From her school alone, in the capital’s high-density suburb of Highfields, seven teachers have applied.
”It will be such a great experience and probably my only chance to attend a World Cup match given my salary,” she says. ”Plus, I am sure they [Fifa] will pay us more than our monthly salary [between $150 and $175 a month].”
The volunteer programme is one way in which South Africa’s neighbours hope to get a look in on a tournament that has been billed as Africa’s World Cup but in reality has become a very South African affair.
Of the 15 000 volunteers spots, about 80% have been reserved for South Africans, against approximately 10% for the rest of Africa and 10% for the rest of the world.
When it comes to tickets, South Africa’s neighbours get no special treatment whatsoever: the cheap tickets are reserved for South African residents only. For the rest of Africa, the starting price for a ticket is an exorbitant $80.
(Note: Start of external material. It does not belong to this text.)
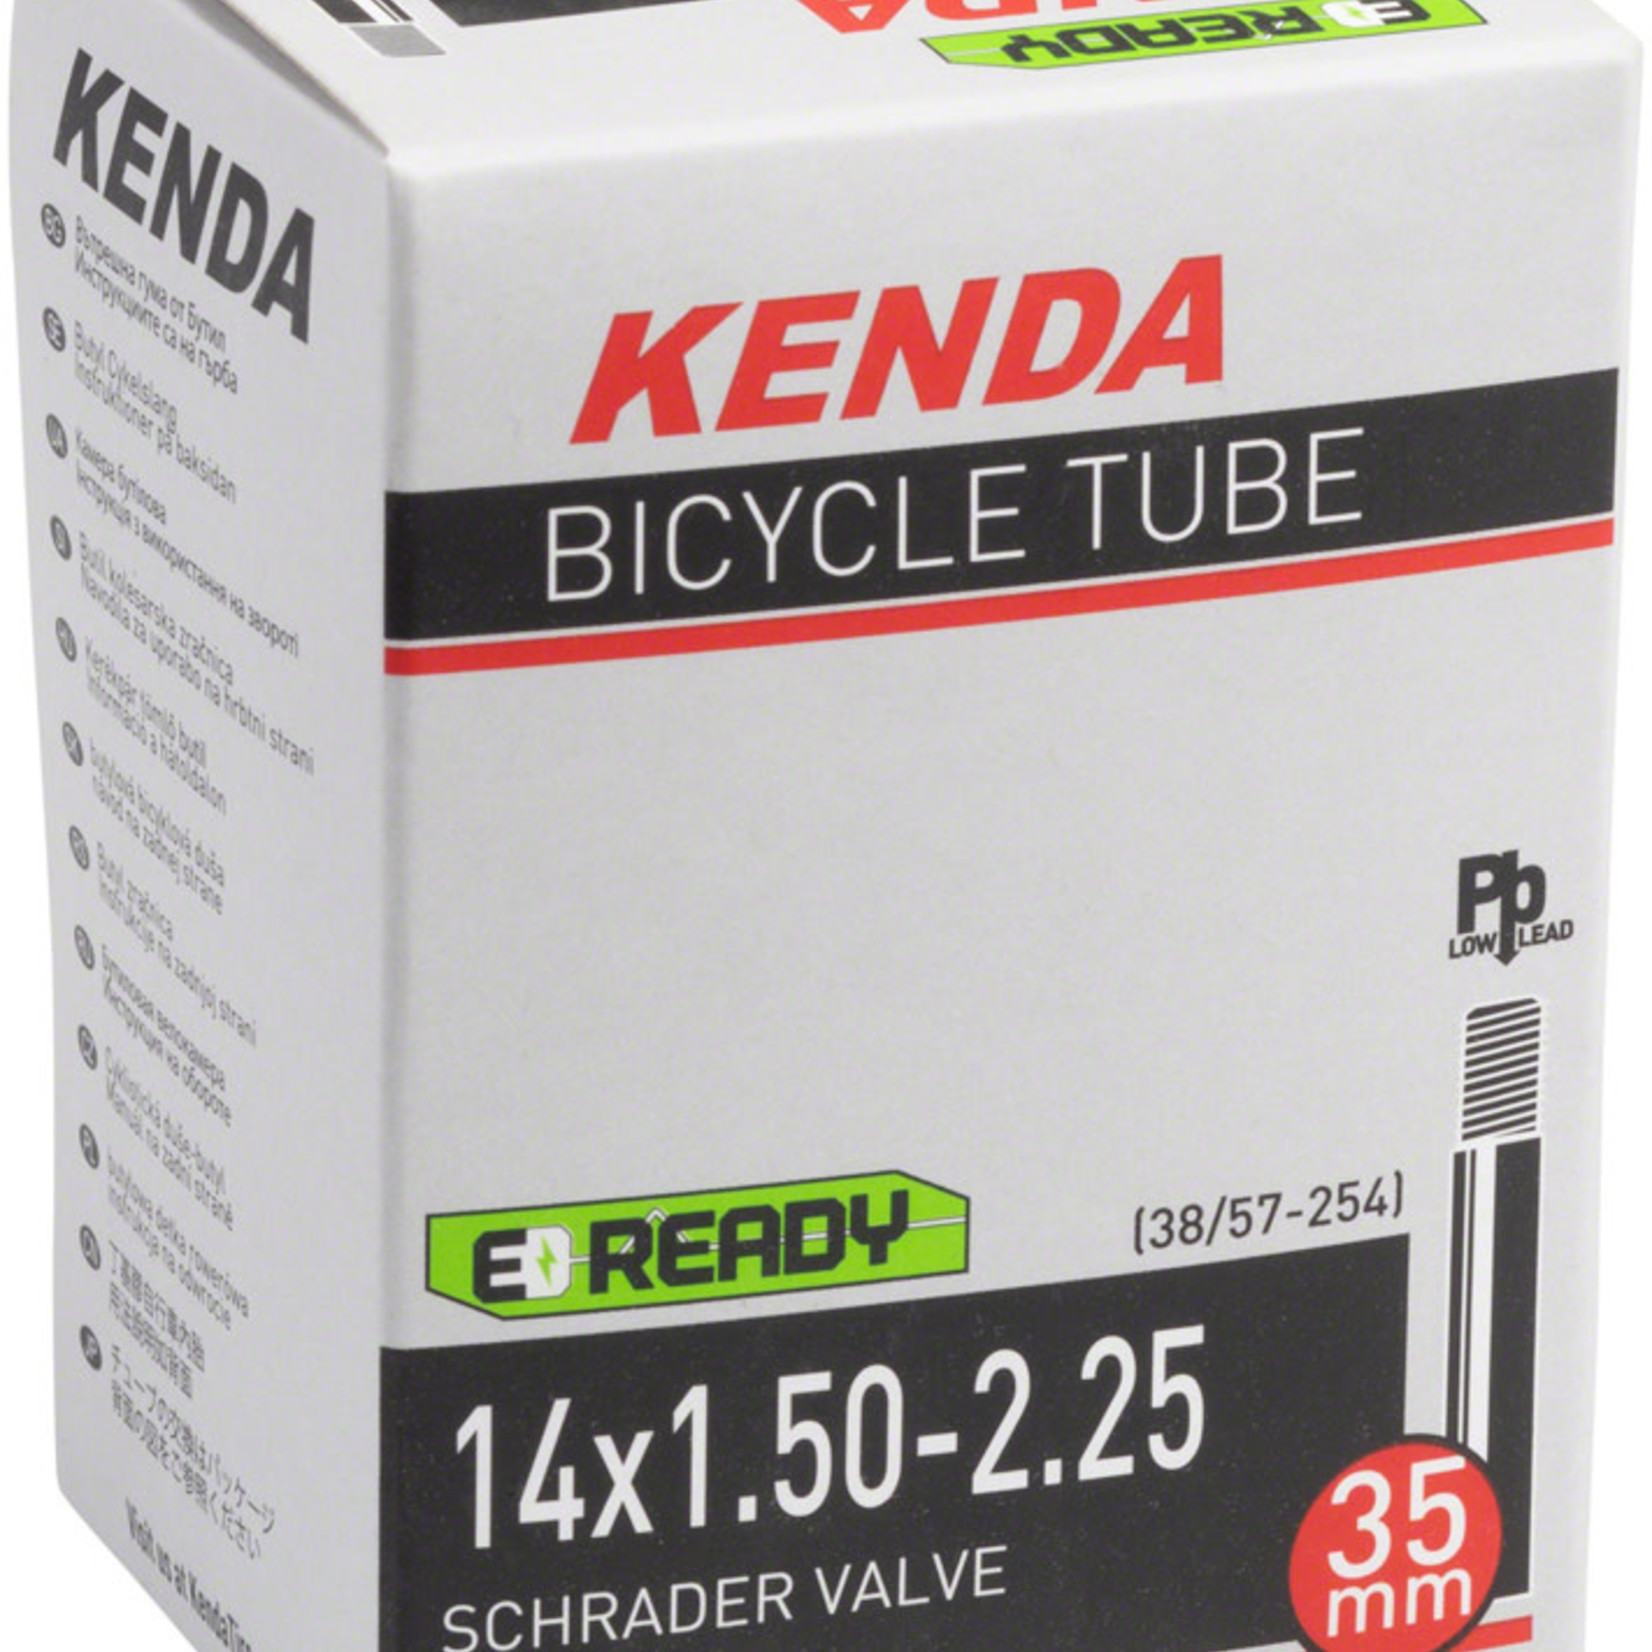 "Kenda Kenda 14 x 1.5-2.25"" SV Tube"

”I think it will be a bit limited for us,” Botswana’s President Ian Khama told German press agency dpa in September when asked what he expected from the World Cup.
”As I speak to you now I cannot state categorically what benefits it would bring to Botswana,” he said.
‘2010 World Cup ready’
One way South Africa’s neighbours aim to cash in and put themselves on the map is by attracting teams to train on their turf in the run-up to the tournament.
From Zimbabwe to Zambia, Botswana and Mozambique, new football stadiums have been built or old facilities upgraded in the hope of capturing a slice of the action.
But while some small teams may be persuaded to limber up outside of South Africa, the top teams are headed straight for the host nation.
Three of the host cities — Johannesburg, Pretoria and Bloemfontein — are more than 1 000m above sea level, making it important to acclimatise in the country, at altitude.
That still leaves 400 000 foreign fans who are expected to travel to South Africa, some of whom will be looking to maximise their ticket by visiting another country between games.
”As we’ve experienced in the past when we’ve taken fans to support the British Lions [rugby] and the England cricket team in South Africa, some of our customers are enquiring about extending their stay on the continent with a visit to other countries including Namibia, Kenya and Zanzibar,” Danny Talbot, director of Thomas Cook Sport in Britain, told dpa.
”We have one of the seven wonders of the world in Victoria Falls. Our hotels there are gearing up for the event,” Zimbabwe’s Tourism Minister, Walter Mzembi, told dpa.
Zimbabwe is hoping the World Cup will revive its tourist industry, which was decimated by a decade of political violence and economic turbulence under President Robert Mugabe.
Now that a new unity government is in place, Zimbabwe says it is ”2010 World Cup ready”, although tour operators in Britain say tourists there are still opting to view the Falls from the ”safer” Zambian side.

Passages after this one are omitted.